Investigating Acquired Resistance To Targeted Anti Cancer Agents Biology Essay


Approximately 25% of breast cancers overexpress the ErbB2 (HER2) receptor, and this receptor is targeted for treatment, e.g. by Trastuzumab, an anti-HER2 monoclonal antibody and/or by Lapatinib a tyrosine kinase inhibitor of EGFR (HER1) and HER2. Over time some tumours that initially respond to these treatments develop resistance; this may be a manifestation of robustness, i.e. the cells adapting to perturbations in their environment. Three HER2-positive cancer cell lines, HCC1954, SKBR3 and BT474 and their respective Lapatinib resistant variants (developed in the School of Pharmacy and Pharmaceutical Sciences, Trinity College Dublin) as HCC1954 RL (resistant to Lapatinib), SKBR3 RL (resistant to Lapatinib) and BT474 RL (resistant to Lapatinib) were studied for this project.

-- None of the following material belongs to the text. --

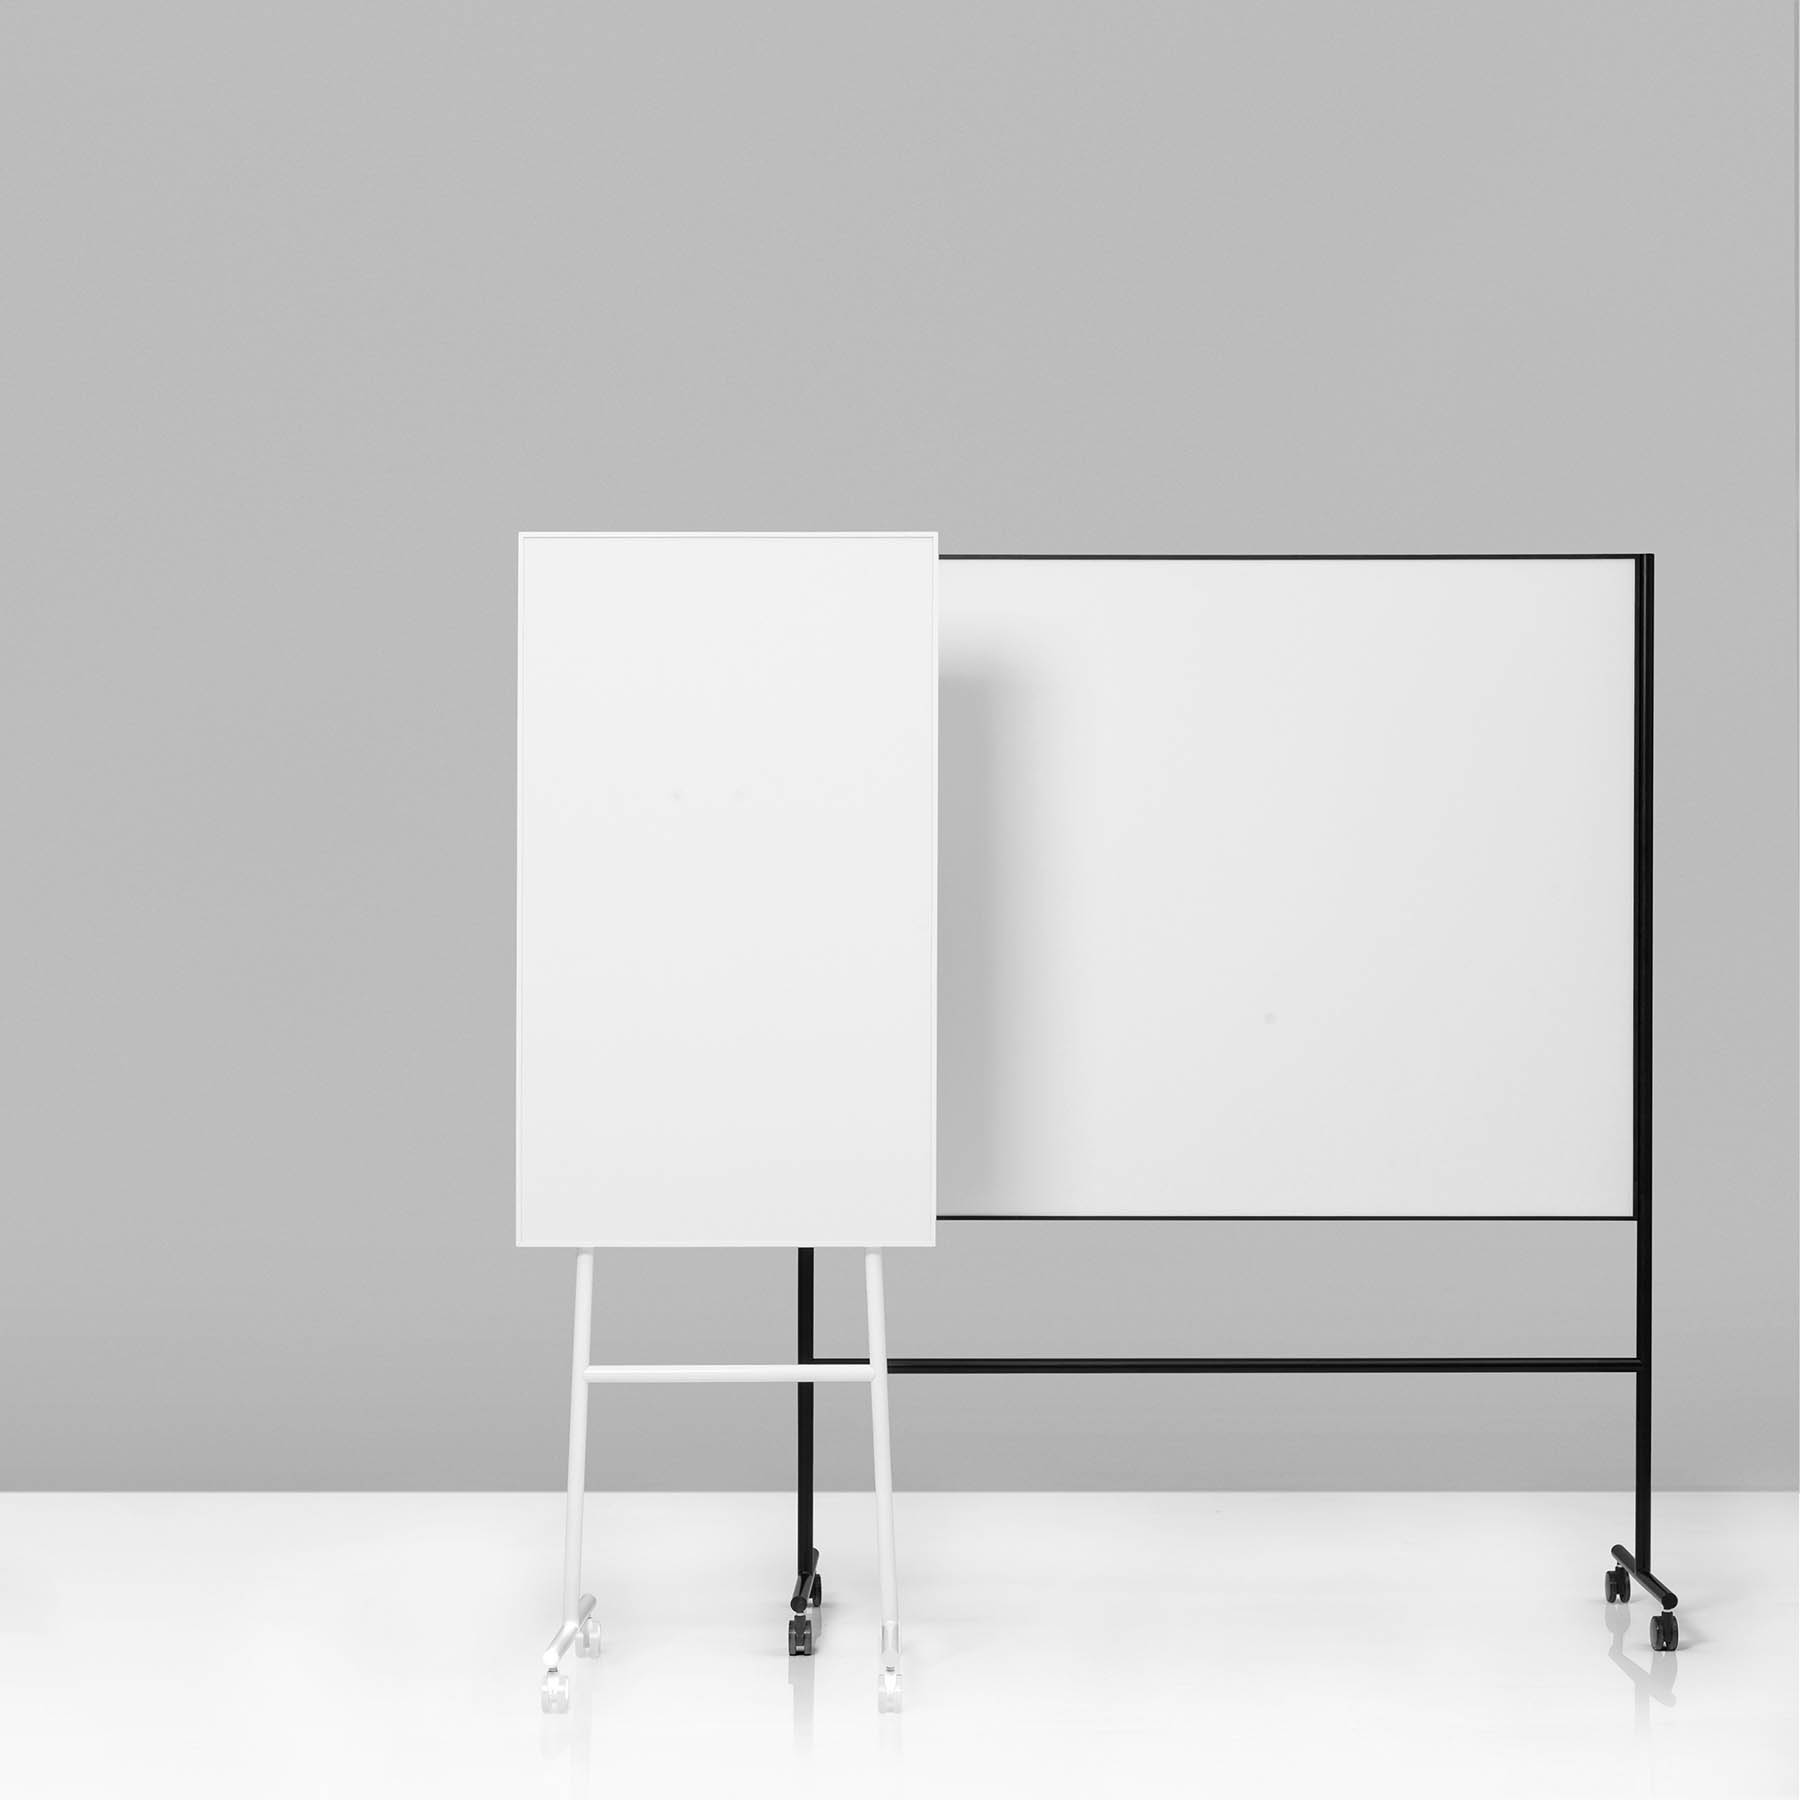 Lintex ONE flip chart easel, In black or white, Shop now!

Characterisation of three cancer cell lines pairs, Control and RL was performed. Invasion and migration assays were performed on HCC1954 and SKBR3 sensitive and resistant pairs. Increases of 25.7% in invasion and 84.4% in migration of SKBR3 RL cells compared to SKBR3 parent cells were observed; whereas the HCC1954 cell line pairs were seeded too densely to note any differences.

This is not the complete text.